In the following example, oExample is an object that has the properties MyObject and MyStruct.

  • The object provided by MyObject supports a string property ObjectName.
  • The struct provided by MyStruct supports a string property StructName.

Both oExample.MyObject.ObjectName and oExample.MyStruct.StructName should be modified. The following code shows how this is done for an object:

  ' Accessing the object
  Dim oObject
  oObject = oExample.MyObject
  oObject.ObjectName = “Tim”           ' Ok!
 
  ' or shorter
 
  oExample.MyObject.ObjectName = “Tim” ' Ok!

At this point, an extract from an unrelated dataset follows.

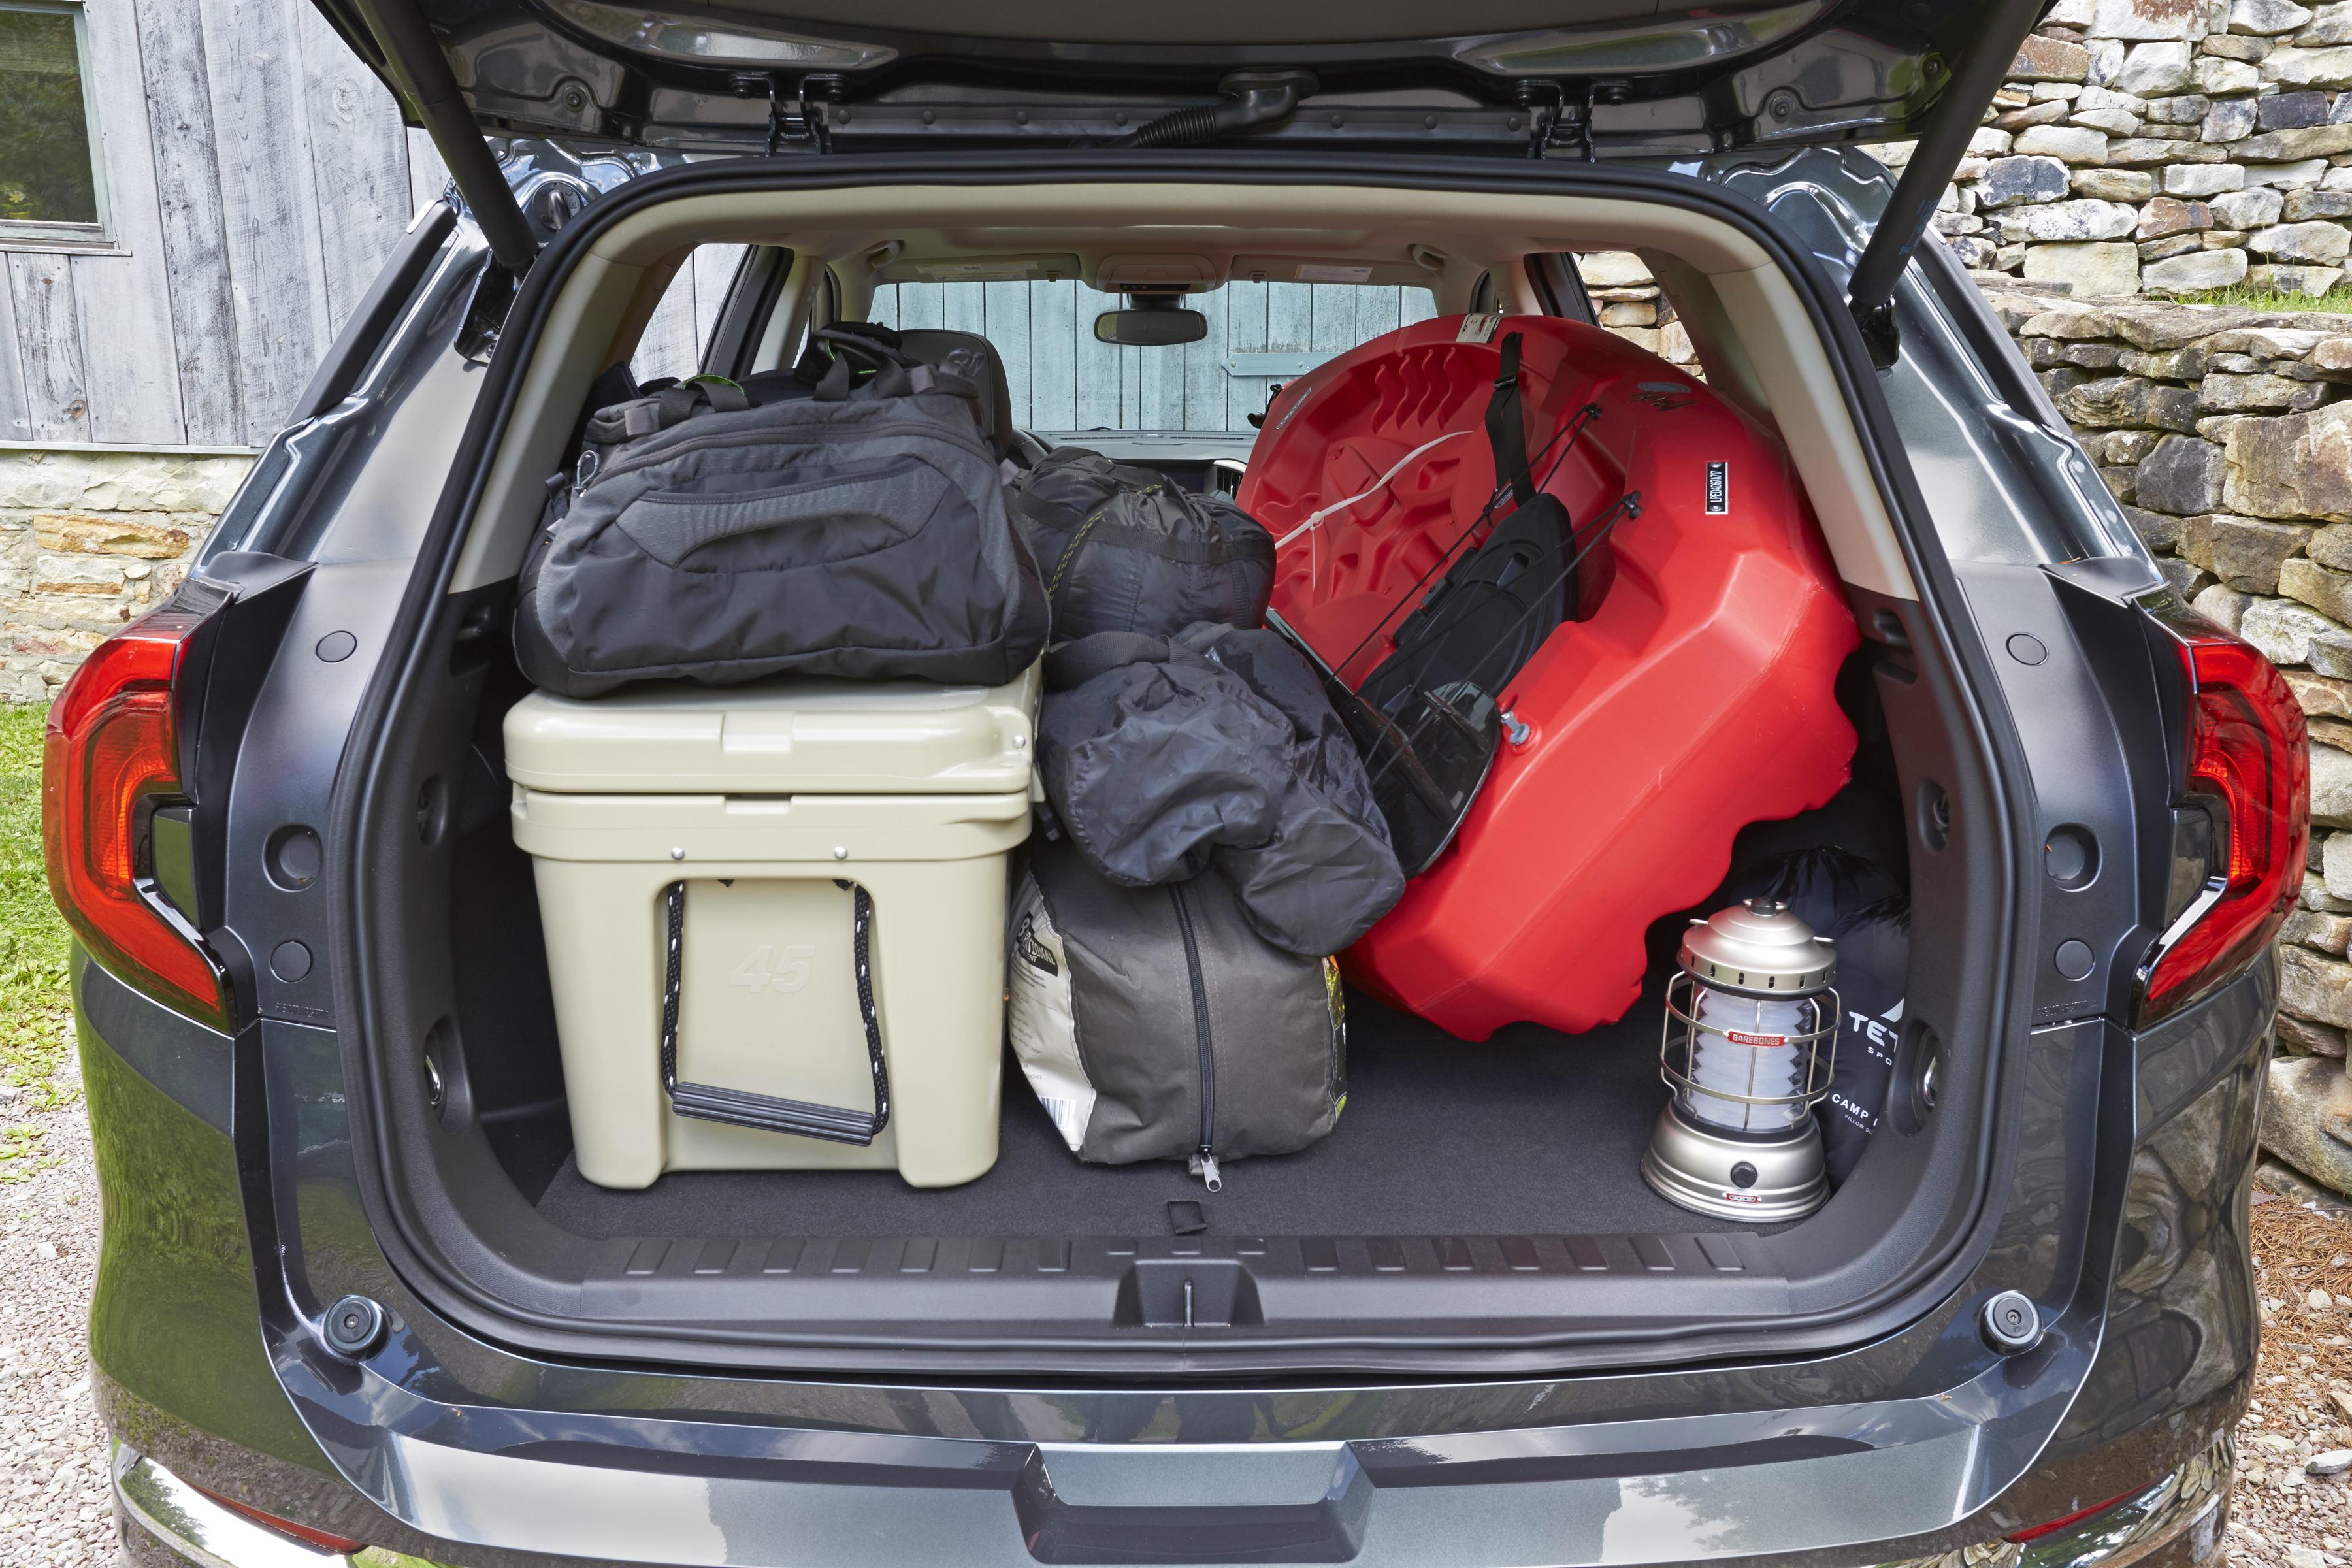 inventory minivan equipment jpg traders chevy van cng img savana ct gmc

The following code shows how it is done correctly for the struct (and possible mistakes):

  ' Accessing the struct
  Dim aStruct
  aStruct = oExample.MyStruct ' aStruct is a copy of oExample.MyStruct!
  aStruct.StructName = “Tim”  ' Affects only the property of the copy!
 
  ' If the code ended here, oExample.MyStruct wouldn't be modified!
 
  oExample.MyStruct = aStruct ' Copy back the complete struct! Now it's ok!
 
  ' Here the other variant does NOT work at all, because 
  ' only a temporary copy of the struct is modified!
  oExample.MyStruct.StructName = “Tim” ' WRONG! oExample.MyStruct is not modified!